Zur Premiere in Frankfurt merkte auto motor und sport an: "Ob Frua mit seiner Hoffnung auf eine kleine Serie bei BMW Gegenliebe findet, ist zweifelhaft." Trotz einer anschließenden Tournee über die Pariser Automesse im Oktober 1967, den Automobilsalon in Genf 1968 und die Automesse in Barcelona 1969, blieb die Glaserati-Evolution von Frua ein Einzelstück. BMW schrieb seine eigene Coupé-Geschichte ab Dezember 1968 mit dem eleganten CS (E9) fort. Chefdesigner Wilhelm Hofmeister vertraute auf die Sympathie für die klassische Stufenheckform. Als Triebwerke dienten die berühmten Sechszylinder-Reihenmotoren der Baureihe M30 mit Leistungen zwischen 150 und 206 PS.
Zuletzt nicht verkauft
Frua verkaufte seine Studie mit der Chassisnummer V-1471 nach der letzten Ausstellung in Barcelona, wo das Coupé in roter Lackierung präsentiert wurde, an einen spanischen Sammler, der das Auto über zwanzig Jahre lang in seiner Sammlung hütete. Danach ging es durch mehrere Hände. Im Jahr 2000, so berichtet Frua-Kenner Dierkes, habe sich sogar BMW Classic für das Einzelstück interessiert, doch wegen des schlechten Zustands vom Kauf Abstand genommen.

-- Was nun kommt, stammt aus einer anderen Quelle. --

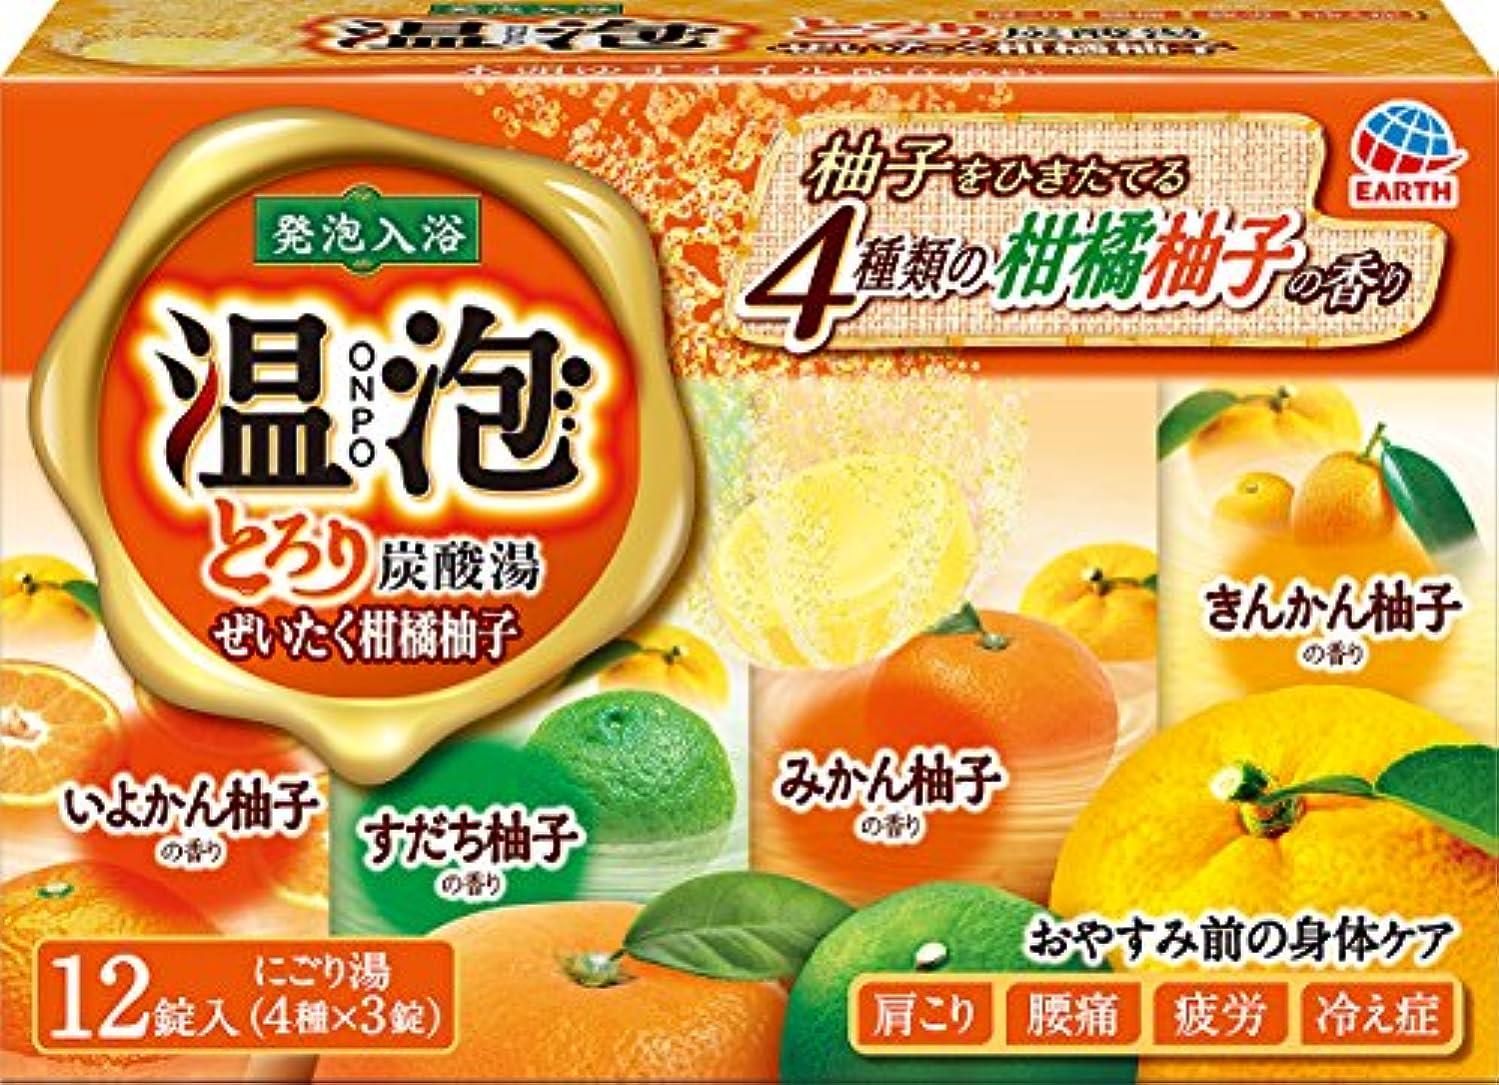 反対する確かな発行【医薬部外品】温泡(ONPO)入浴剤 とろり炭酸湯 ぜいたく柑橘柚子 4種 [4種x3錠 12錠入り]

Im Mai 2015 tauchte der BMW-Glas 3000 V8 Fastback Frua nach einer Restaurierung der Technik in der Auktion von RM in der Villa Erba auf. Bei einem Schätzwert von 380.000 bis 480.000 Euro erhielt das Einzelstück keinen Zuschlag. Offenbar fand es aber danach einen neuen Besitzer. Knapp fünf Jahre später steht das Auto erneut zum Verkauf. Am 6. Februar stand er im Angebots-Fuhrpark von Bonhams im Pariser Grand Palais, diesmal mit einem Estimate von 250.000 bis 350.000 Euro. Der Höchstbieter bezahlte inklusive Aufgeld 209.300 Euro.